Team:Washington/Gram Positive/Design
From 2010.igem.org
We have two main goals when redesigning CapD. First we want to make it easier to express and more stable. Second we want to improve the hydrolytic activity of CapD to better cleave Poly-D-γ-glutamate, making it a more potent Anthrax treatment.
Naturally produced CapD auto-cleaves itself to create a dimmer. The new N terminus contains a critical catalytic threonine residue which allows the enzyme to cut Poly-D-γ-glutamate.
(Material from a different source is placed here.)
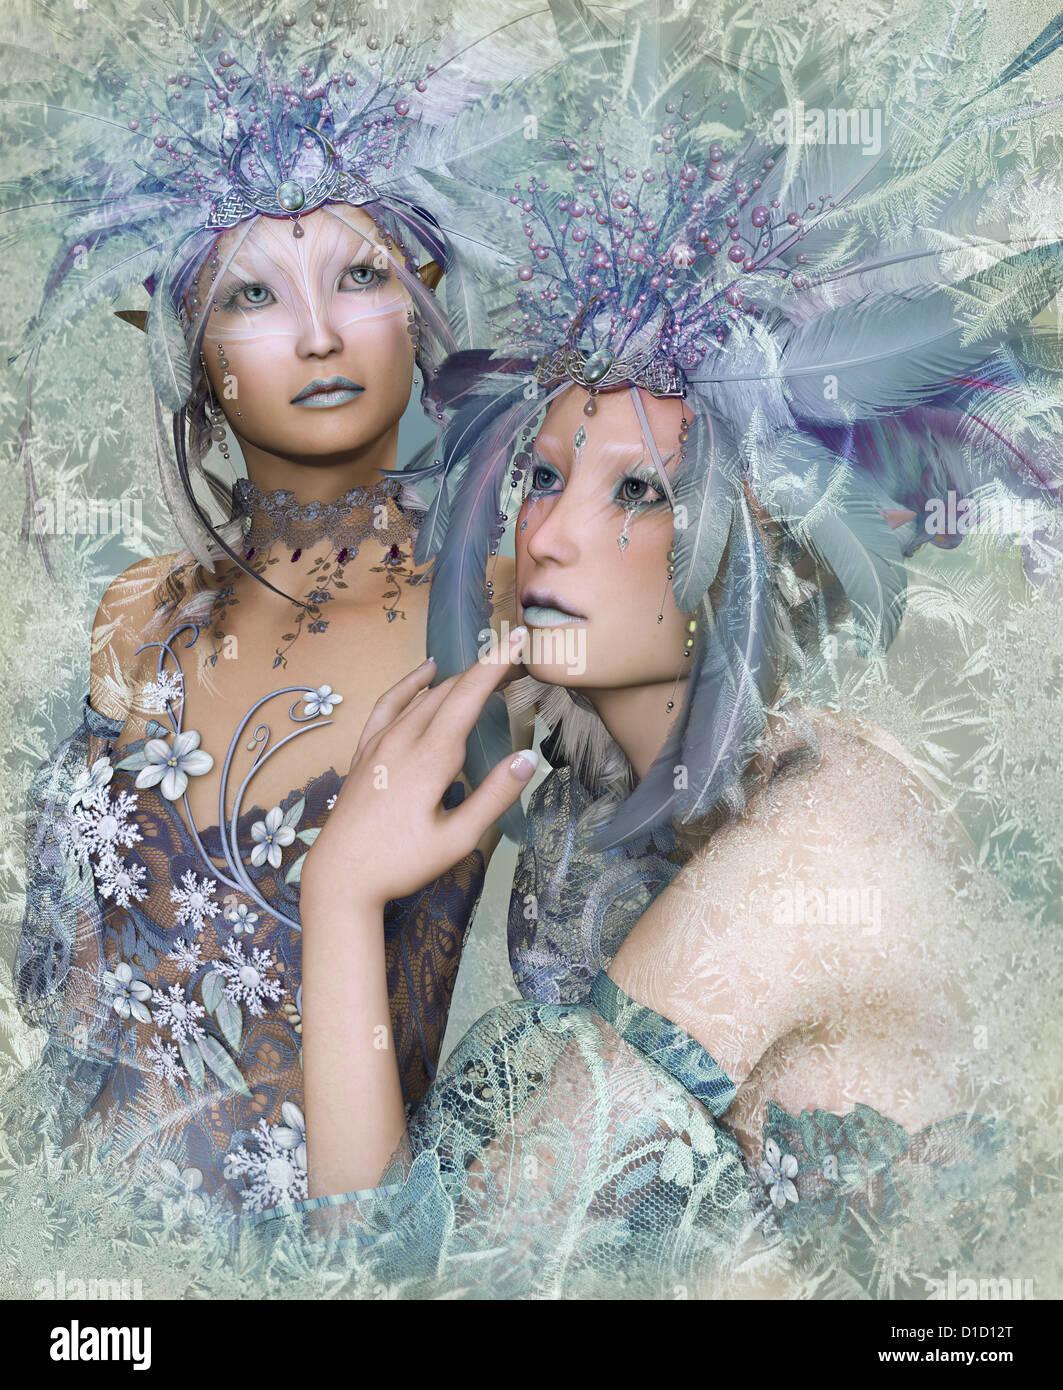 ein Porträt von zwei Winter-Elfen mit Feder Kronen Stockbild

To increase stability and expression, we created a circular permutation of CapD. Typically we view the primary structure of proteins as linear, but when the N and C termini are close together after folding, the protein can be though of as a circle with a small gap. Frequently it is possible move the gap by creating a linker between the naturally occurring N and C termini and then changing the starting and ending residues. This works so long as the amino acid sequence remains the same relative to itself (neighboring amino acids still have the same neighbors). For CapD we made the sight that normally auto-cleaves the N terminus, and added a FoldIt designed linker between natural CapD N and C terminus. This circular permeated CapD, aka CapD_CP, is a monomer which give it greater stability and ease of purification.
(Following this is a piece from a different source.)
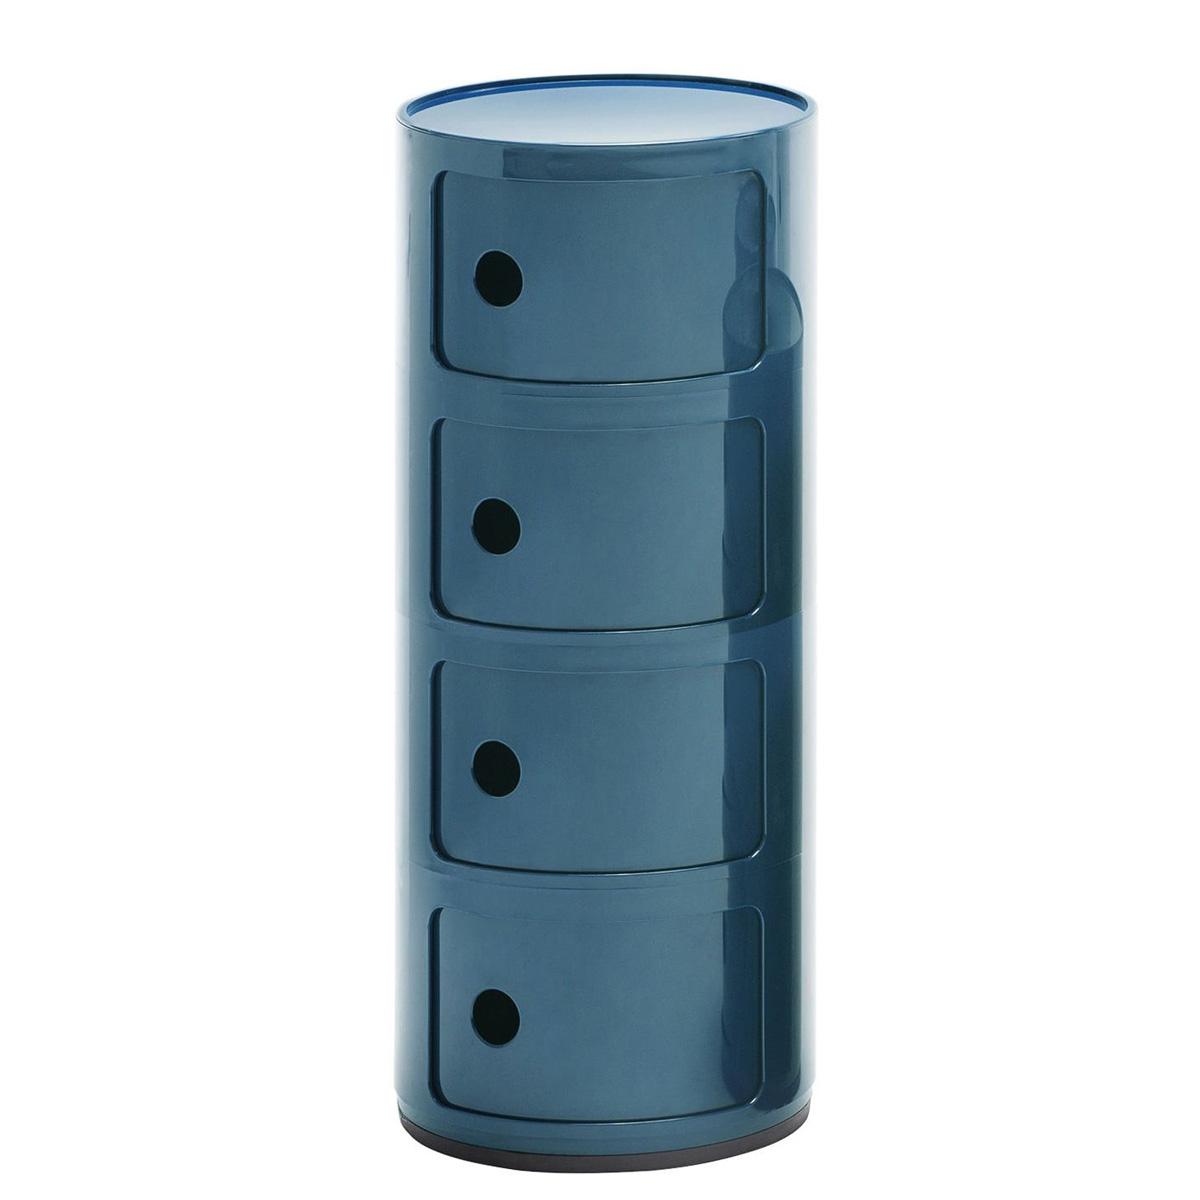 Polica Componibili/4 plava 4985/15

Since the first residue of any nascent protein must be Methionine, we rely on E. Coli’s naturally occurring Methionine aminopeptidase to remove the first Methionine, making CapD_CP catalytically active. The removal of the first methionine has been verified via mass spectrometry.
To increase the hydrolytic ability of CapD_CP we made point mutations in the active sight. We focused our attention on two types of mutations. First we created point mutations that made hydrogen bonds to a modeled transition state of our substrate in an attempt to stabilize the transition state. Second we mutated the active sight to be more open and polar in an attempt to increase the ease with witch water could enter and participate in a hydrolysis reaction.
To make these point mutations we used a program called FoldIt to predict how changes in protein structure and composition will affect protein stability. FoldIt provides the user a 3D representation of the crystal structure of a protein that can then be manipulated. Manipulation functions include point mutations, insertions, deletions, repacking of side chains, and backbone movement, which FoldIt then assesses for stability. This allows the user to quickly interact with a protein and easily predict how mutations will effect a protein.